Estudo recente do InCor, da USP, revela crescimento da dependência de nicotina entre usuários jovens de cigarros eletrônicos

Mulher fumando vape
Foto: Freepik

Mesmo com a proibição desde 2009 no Brasil, os cigarros eletrônicos têm se tornado cada vez mais populares, especialmente entre os jovens.

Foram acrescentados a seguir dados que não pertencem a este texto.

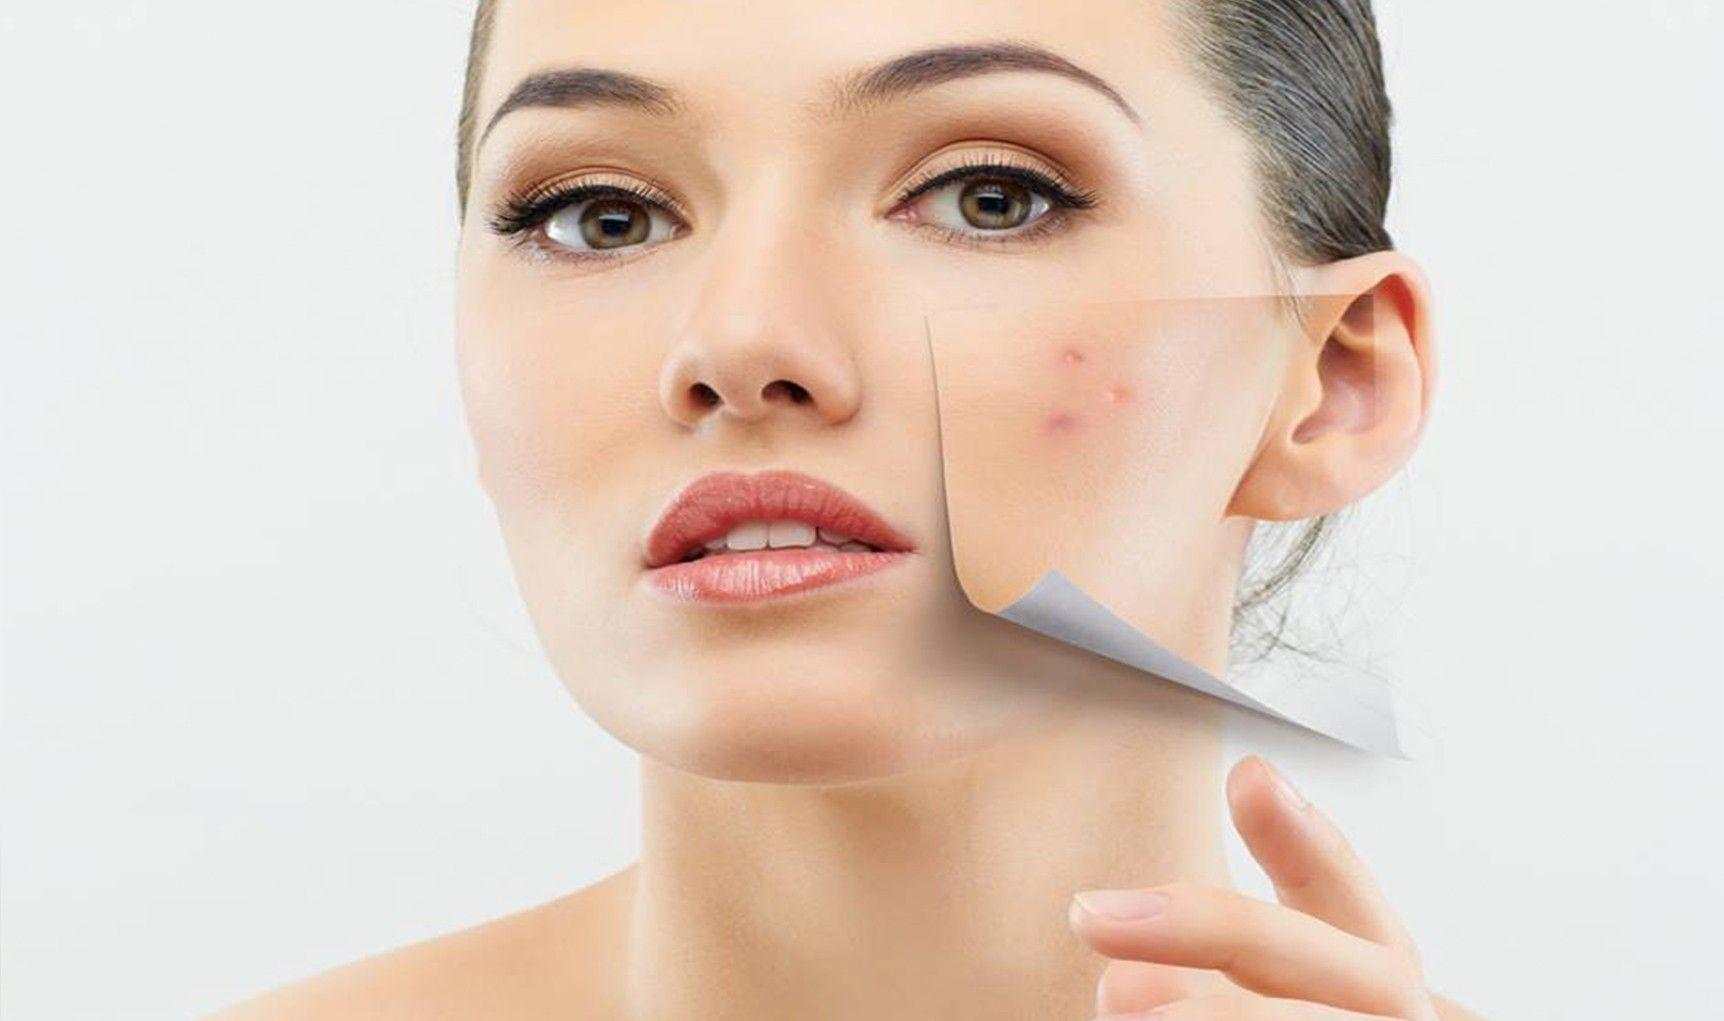 Dermatological Diseases Photo

Segundo dados do Levantamento Nacional de Álcool e Drogas (Lenad), aproximadamente 11 milhões de brasileiros com 14 anos ou mais já fizeram uso de pelo menos um tipo de dispositivo eletrônico para fumar (DEFs), o que inclui os chamados vapes, pods, juuls e cigarro eletrônico.

A quantidade variada de sabores, cores e modelos, assim como a facilidade de adquirir os cigarros eletrônicos atrai essa faixa etária. Embora seja comercializado como uma alternativa menos prejudicial, os cigarros eletrônicos representam um risco maior para a dependência e para a saúde, uma vez que os níveis de nicotina nos usuários de cigarro eletrônico podem ser até seis vezes superiores aos encontrados em fumantes de cigarro convencional – como mostrou um estudo feito pelo Instituto do Coração (InCor), da Universidade de São Paulo, em 2024.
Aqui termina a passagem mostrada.